Billing judgment matters.

As I was reading this morning's Above the Law post about a federal court cutting legal fees because the law firm requesting fees failed to use good "billing judgment" (see here), I felt particularly vindicated by the Court's discussion of reasonableness.  I've been focusing on issues about legal fees lately (see here), and I think that it's much easier to rack up high fees and expenses when you're assuming that someone other than your client will be footing the bill.

Check out this language from the Court's opinion, which you can download here, thanks (again) to Above the Law:
The Court recognizes that the work performed on researching, drafting, and arguing the preliminary injunction motion provided important roadmap for Plaintiff with respect to its strategy in pursuing this litigation.
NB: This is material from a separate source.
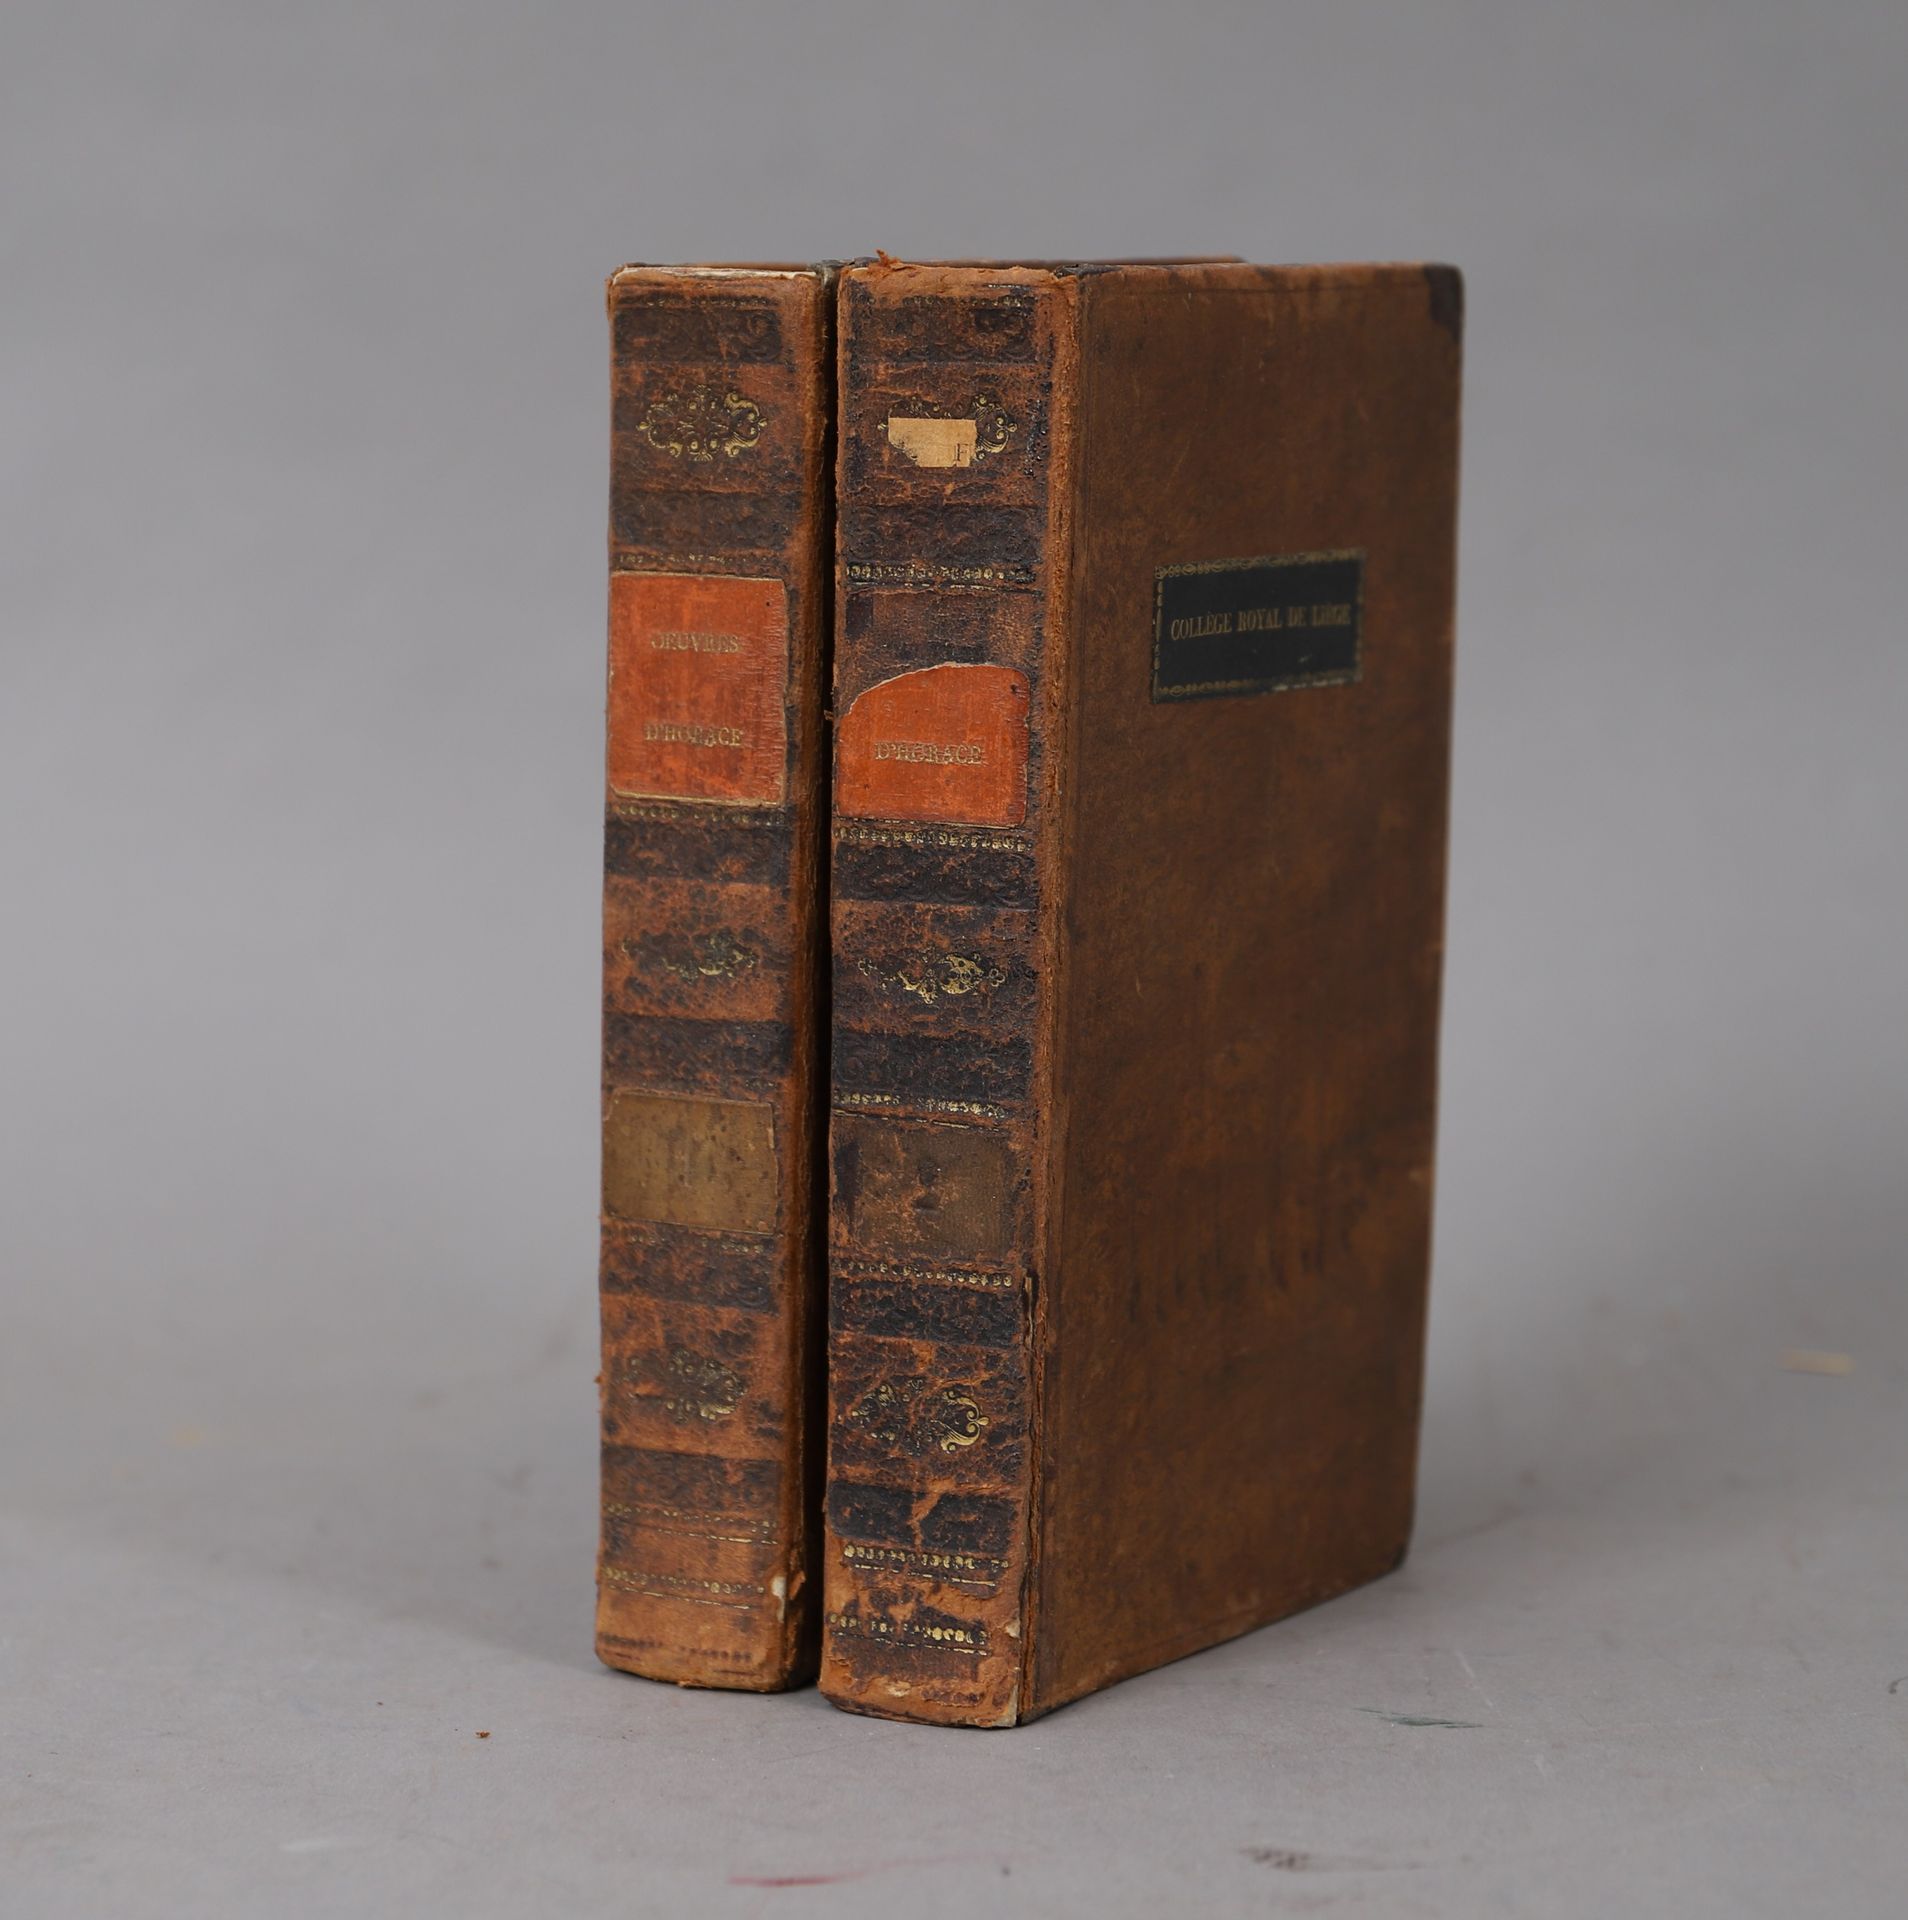 Null 贺拉斯的作品

1823

2册合订本。

However, spending almost 420 hours, which equates to almost 53 full work days7, on drafting and defending a preliminary injunction motion is unreasonable in light of Plaintiff’s counsel’s familiarity with the disputed issues. For the same reasons, spending approximately 50 hours on drafting and revising 11-page supplemental declarations and expending significant number of hours on post-Complaint research and preparation appear unreasonable to the Court.
(Opinion at 16.)  The opinion continues with a reduction, not just of fees, but of expenses as well:
Having considered the invoices submitted by Plaintiff and objections raised by Defendant, the Court finds that some of the expenses incurred by these Signature personnel were unnecessary and unreasonable. For example, it is difficult for the Court to believe, and Plaintiff does not explain how, that the faxing or internet charges incurred at the Westin, frequent “entertainment” charges in addition to meals, numerous first class plane tickets, limousine rides or pick-up service to and from the airport, and approximately $400 nightly stays at Hyatt were necessary and reasonable costs related to this litigation when cheaper more reasonable options were at the witnesses’ disposal. 
(Opinion at 36.)

When a lawyer speaks directly with a client about a high bill, there's that moment when the client is likely to ask about the reasons behind some of the charges.  When a lawyer doesn't have to look the client in the eye, so to speak, it's easier to lose track of what a "reasonable" fee or expense should be.